To start with, we believe we’ve got data in a topic called ratingz, so we register it with KSQL as a STREAM:
ksql> CREATE STREAM RATINGS (rating_id BIGINT, \
user_id BIGINT, \
stars INT, \
route_id BIGINT, \
rating_time BIGINT, \
channel VARCHAR, \
message varchar) \
WITH (KAFKA_TOPIC='ratingz', \
VALUE_FORMAT='JSON');
Message
Stream created
ksql>
Then, we query the new stream:
SELECT rating_id, user_id, message FROM RATINGS;
No data comes back—time to do some detective work. To exit from the running SELECT statement, press Ctrl-C.
First, we need to confirm which Kafka topic we’re using to drive the stream. We think we know (we just ran the CREATE STREAM, right?), but as with any good troubleshooting approach the key is methodically working through the possibilities.
So, using DESCRIBE EXTENDED, we can verify the topic from which the stream is sourced:
ksql> DESCRIBE EXTENDED RATINGS;
Name : RATINGS
Type : STREAM
Key field :
Key format : STRING
Timestamp field : Not set - using <ROWTIME>
Value format : JSON
Kafka topic : ratingz (partitions: 1, replication: 1) (1)
[...]
(1)The Kafka topic used by this stream
Our source topic is ratingz. Now, we will step away from KSQL and use another Kafka consumer to verify if there is data in the topic. My preferred tool here is kafkacat, but you can use other tools, such as kafka-console-consumer, if you like. Invoking kafkacat shows:
$ docker run --network ksql-troubleshooting_default --tty --interactive --rm \
confluentinc/cp-kafkacat \
kafkacat -b kafka:29092 \
-C -t ratingz \
-o beginning
% Reached end of topic ratingz [0] at offset 0
The -o beginning argument tells kafkacat to go back to the beginning of the topic, and -C to read (consume) the messages. Reached end of topic shows that there’s no data to read. No data means that KSQL isn’t going to be showing anything in the output of a SELECT.
ℹ️ |
So in this case, there’s no data in the source topic. Turns out we mistook the topic name, and used ratingz instead of ratings! D’oh! |
Let’s fix our stream and use the ratings topic (with an s this time). Register it with KSQL, dropping the previous version first:
ksql> DROP STREAM RATINGS;
Message
Source RATINGS was dropped.
ksql> CREATE STREAM RATINGS (rating_id BIGINT, user_id BIGINT, stars INT, route_id BIGINT, rating_time BIGINT, channel VARCHAR, message varchar) WITH (KAFKA_TOPIC='ratings', VALUE_FORMAT='JSON');
Message
Stream created
ksql>
As before, try to query the stream, and you’ll find that there’s no data being returned:
SELECT rating_id, user_id, message FROM RATINGS;
[ no output returned from KSQL ]
Like last time, first verify the source topic for the stream that we’re querying:
ksql> DESCRIBE EXTENDED RATINGS;
[...]
Kafka topic : ratings (partitions: 1, replication: 1)

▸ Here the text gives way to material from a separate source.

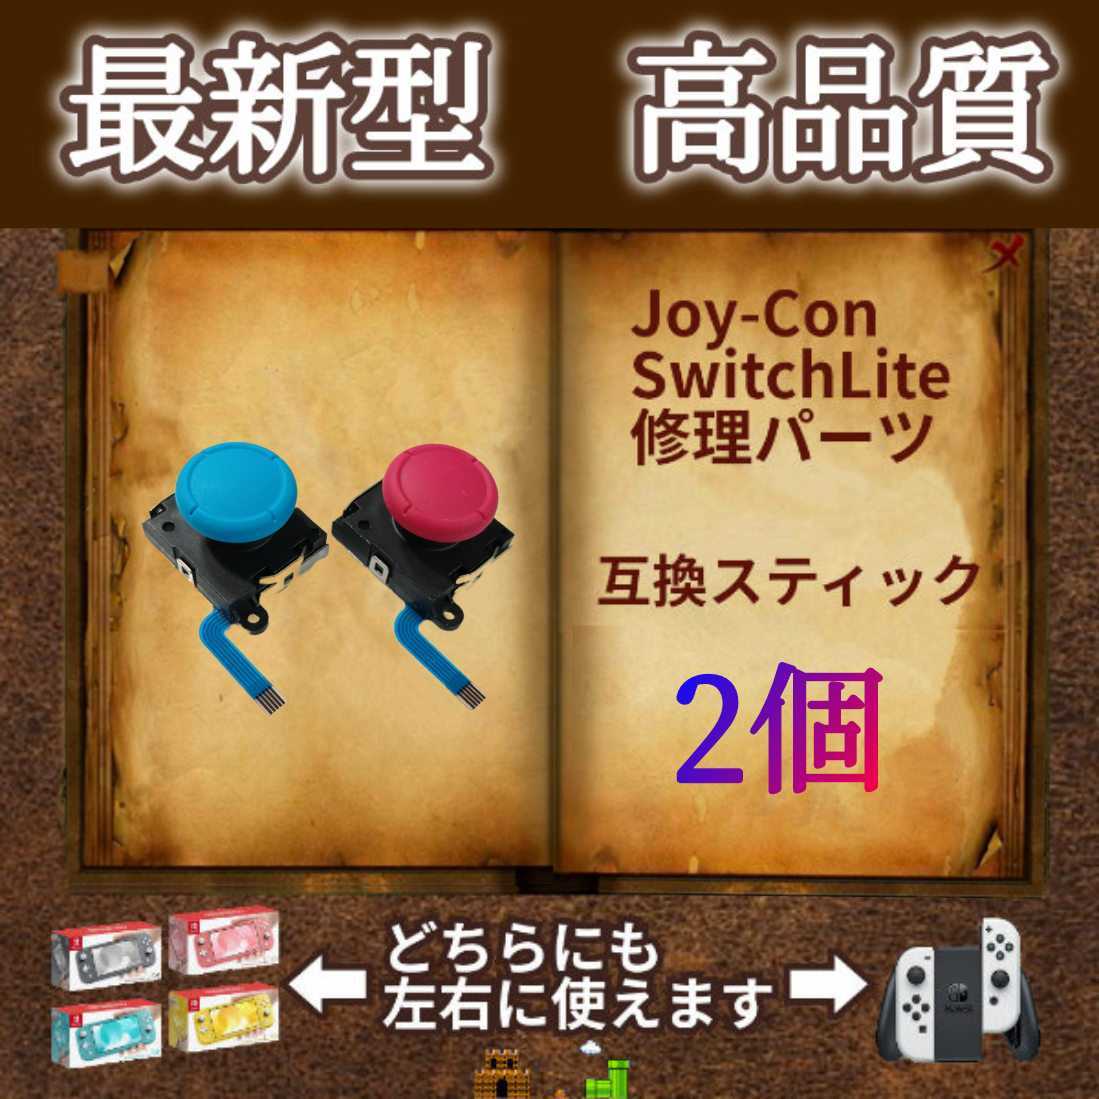 Nintendo Switch Joy-Con　アナログスティック・ジョイスティック　2個(赤1個・青1個)　ジョイコン・スイッチライトの補修パーツ

And use kafkacat to check if there’s any data in it:
$ docker run --network ksql-troubleshooting_default --tty --interactive --rm \
confluentinc/cp-kafkacat \
kafkacat -b kafka:29092 \
-C -t ratings \
-o beginning
{"rating_id":1,"user_id":2,"stars":1,"route_id":2350,"rating_time":1537182554356,"channel":"web","message":"thank you for the most friendly, helpful experience today at your new lounge"}
{"rating_id":2,"user_id":10,"stars":3,"route_id":4161,"rating_time":1537182555220,"channel":"web","message":"more peanuts please"}
[...]
It turns out that there are thousands of messages in the topic. But, by default, KSQL reads from the end of a topic, and no new messages are being written in the topic. As soon as new messages are sent to the topic, the SELECT returns results.

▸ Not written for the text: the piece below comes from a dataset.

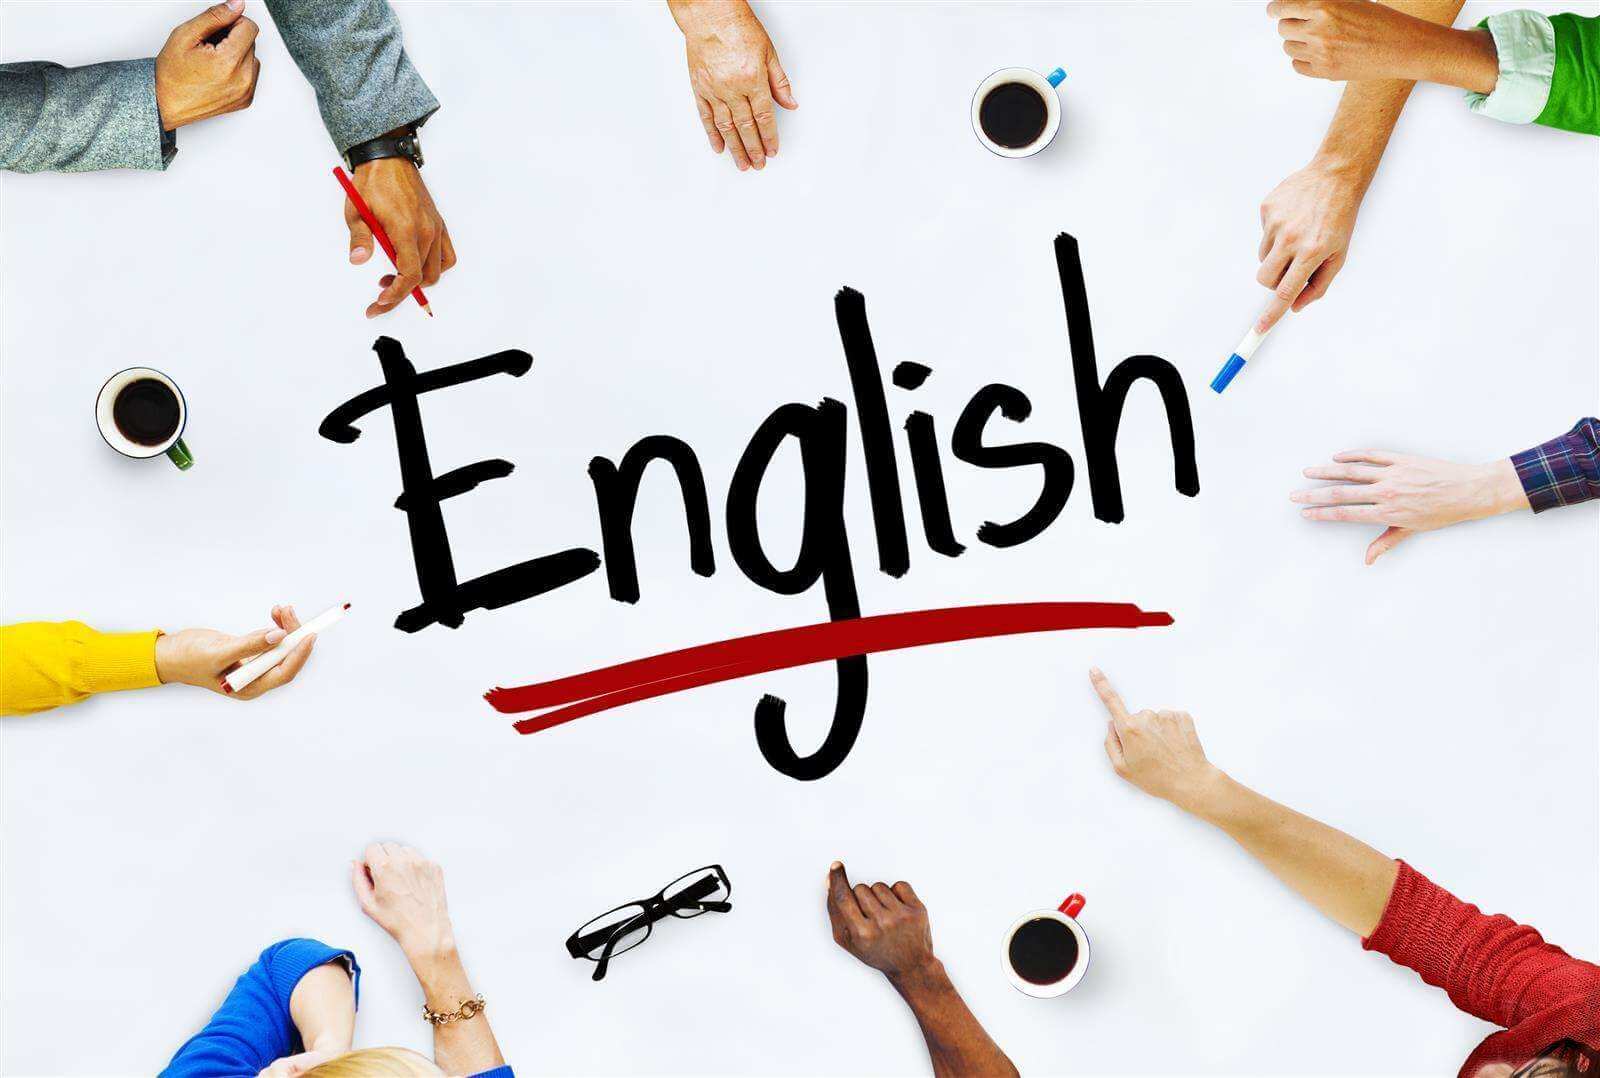 Kiat Belajar Bahasa Inggris Bagi Pemula

ksql> SELECT rating_id, user_id, message FROM RATINGS;
1 | 8 | (expletive deleted)
2 | 19 | more peanuts please
3 | 8 | meh
[...]
ℹ️ |
So here we just needed to feed the topic more data. What about if you want to look at data already in the topic? That’s what we’ll look at in the next section. |
Kafka is an immutable log of events, and data is persisted according to the retention settings. When an application reads data from a Kafka topic, the data remains in place, but the offset in the log at which that particular application has read up to is recorded. Another application can read the same data from the same topic with complete independence from the first. The main thing is that there is a log of data, and consuming applications choose the point on the log at which they want to start reading.
When KSQL reads data from a topic, it will by default read from the latest offset—that is to say, only new messages arriving in the topic after the topic is registered in KSQL will be read.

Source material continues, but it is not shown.